*DATA IN THIS EXERCISE*:
★ ★ ★ ★
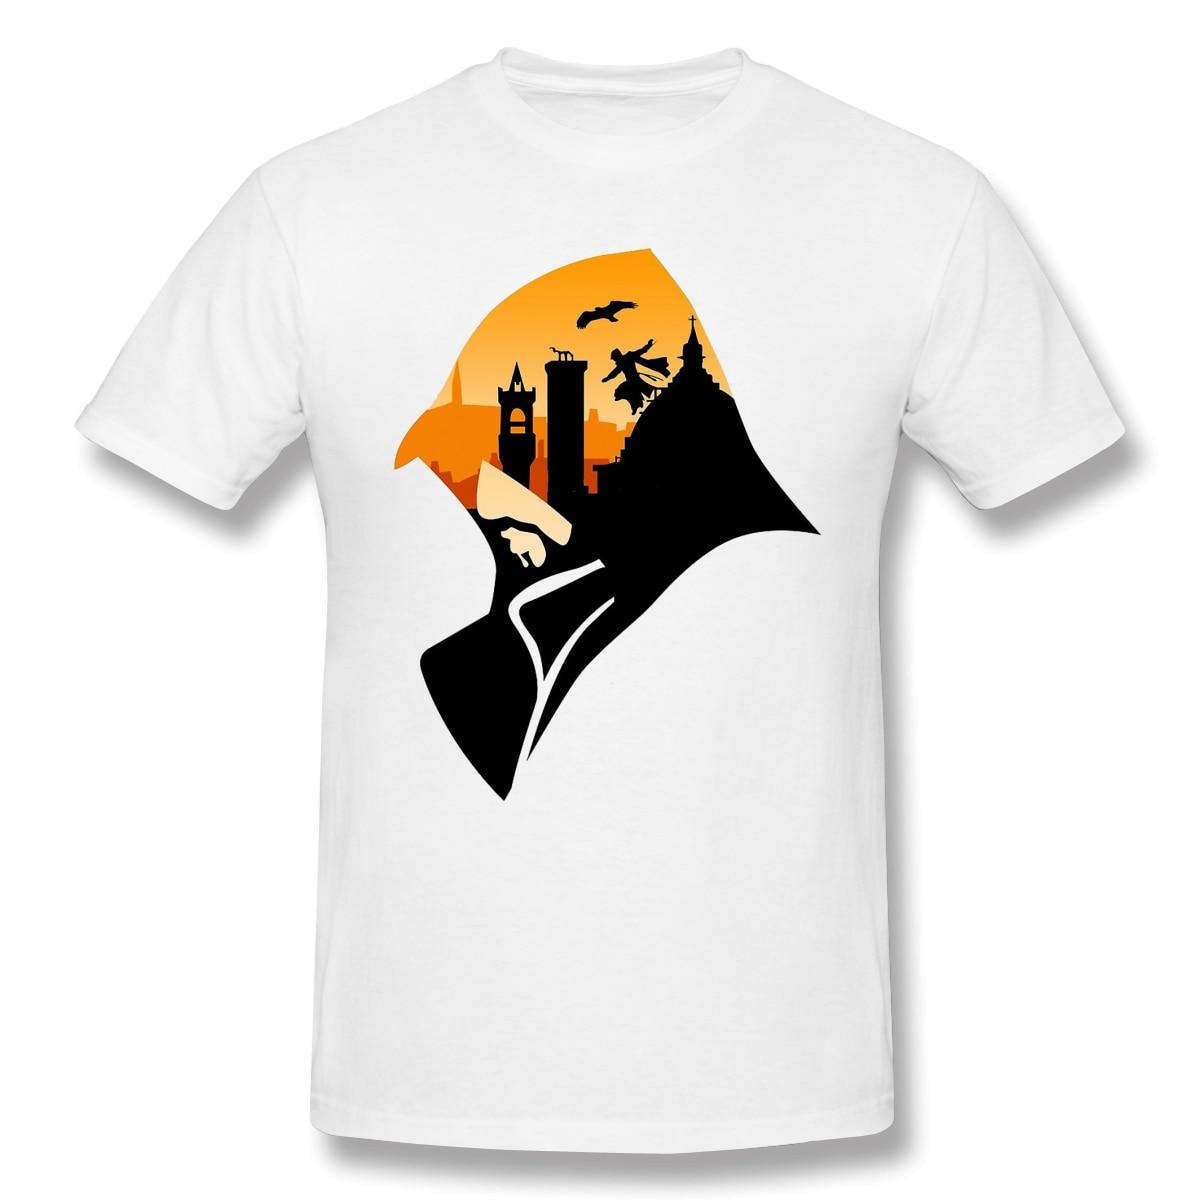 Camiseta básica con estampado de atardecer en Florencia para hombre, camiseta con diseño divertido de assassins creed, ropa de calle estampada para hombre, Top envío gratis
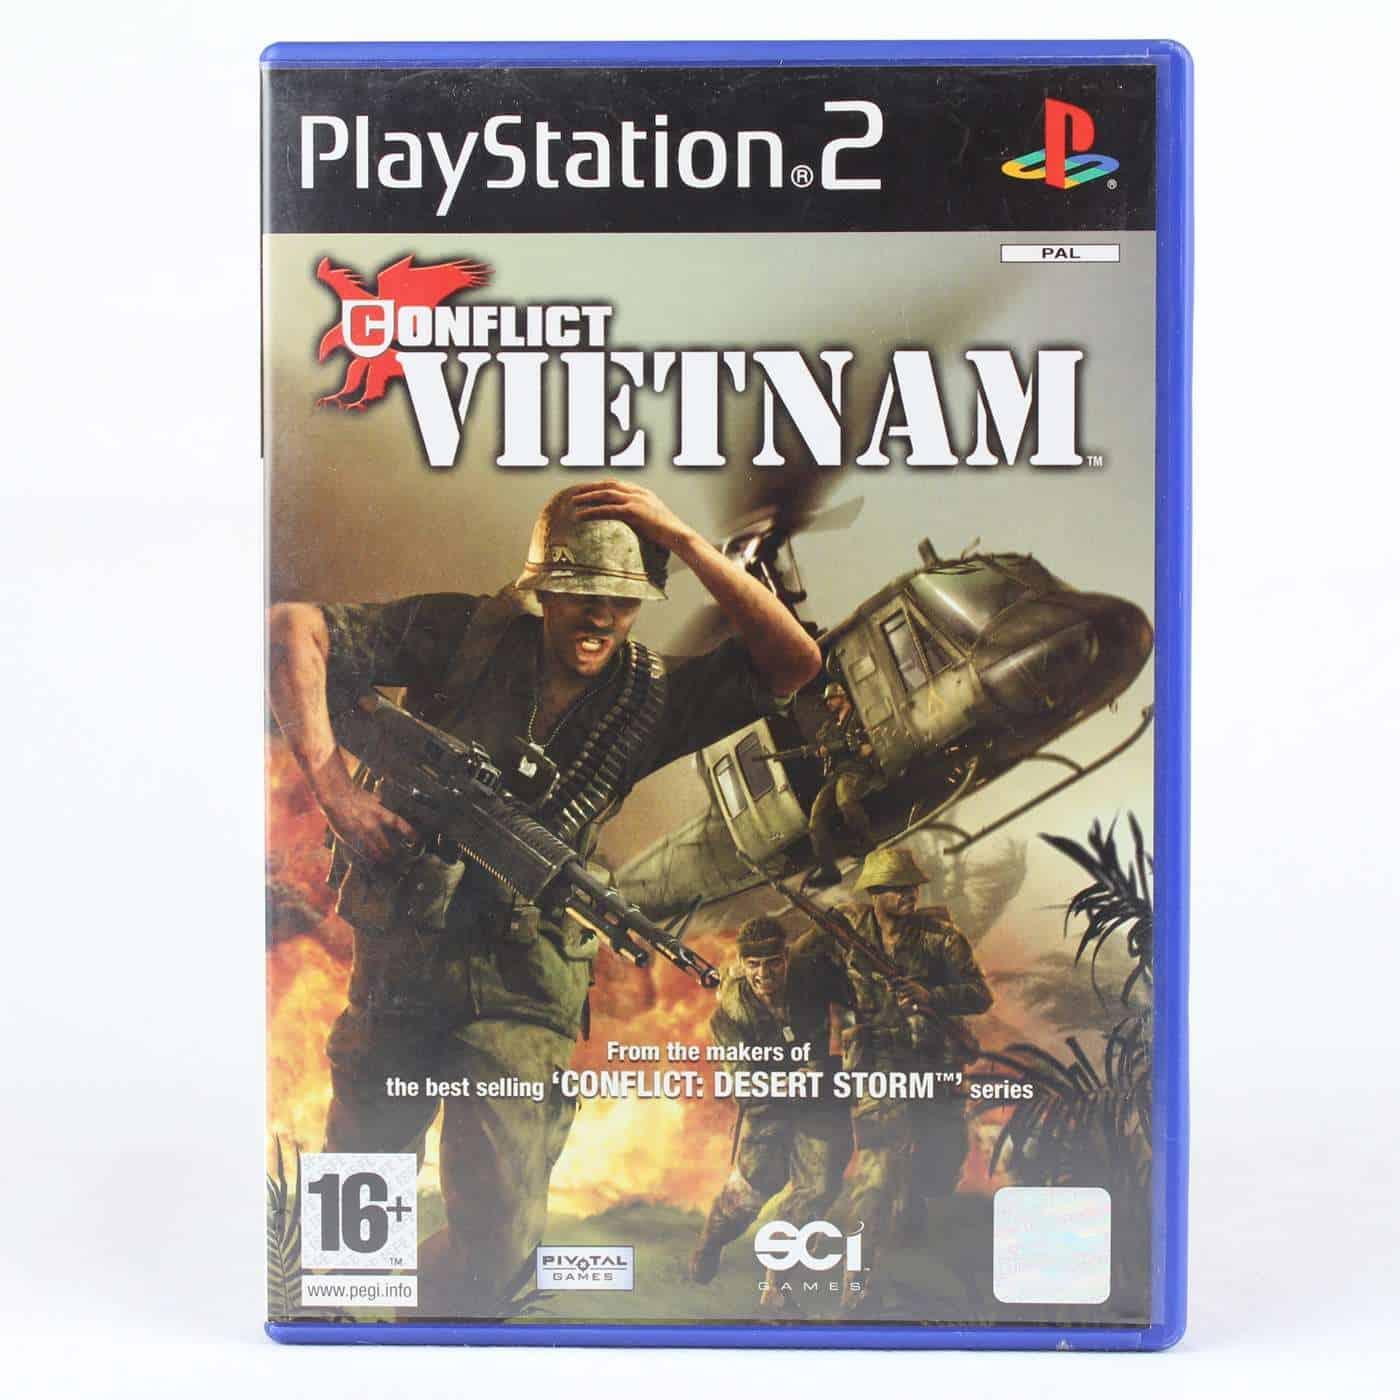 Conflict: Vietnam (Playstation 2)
★ ★ ★ ★
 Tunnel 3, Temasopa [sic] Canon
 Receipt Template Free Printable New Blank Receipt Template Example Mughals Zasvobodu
★ ★ ★ ★
*PROBLEM TO WORK ON*: Treat the line with "Camiseta básica con" as the start and the line with "Conflict: Vietnam (Playstation 2)" as the end, and return exactly that span of the data above, both ends included, without pictures.

*RESULT OF THE EXERCISE*:
 Camiseta básica con estampado de atardecer en Florencia para hombre, camiseta con diseño divertido de assassins creed, ropa de calle estampada para hombre, Top envío gratis
 Conflict: Vietnam (Playstation 2)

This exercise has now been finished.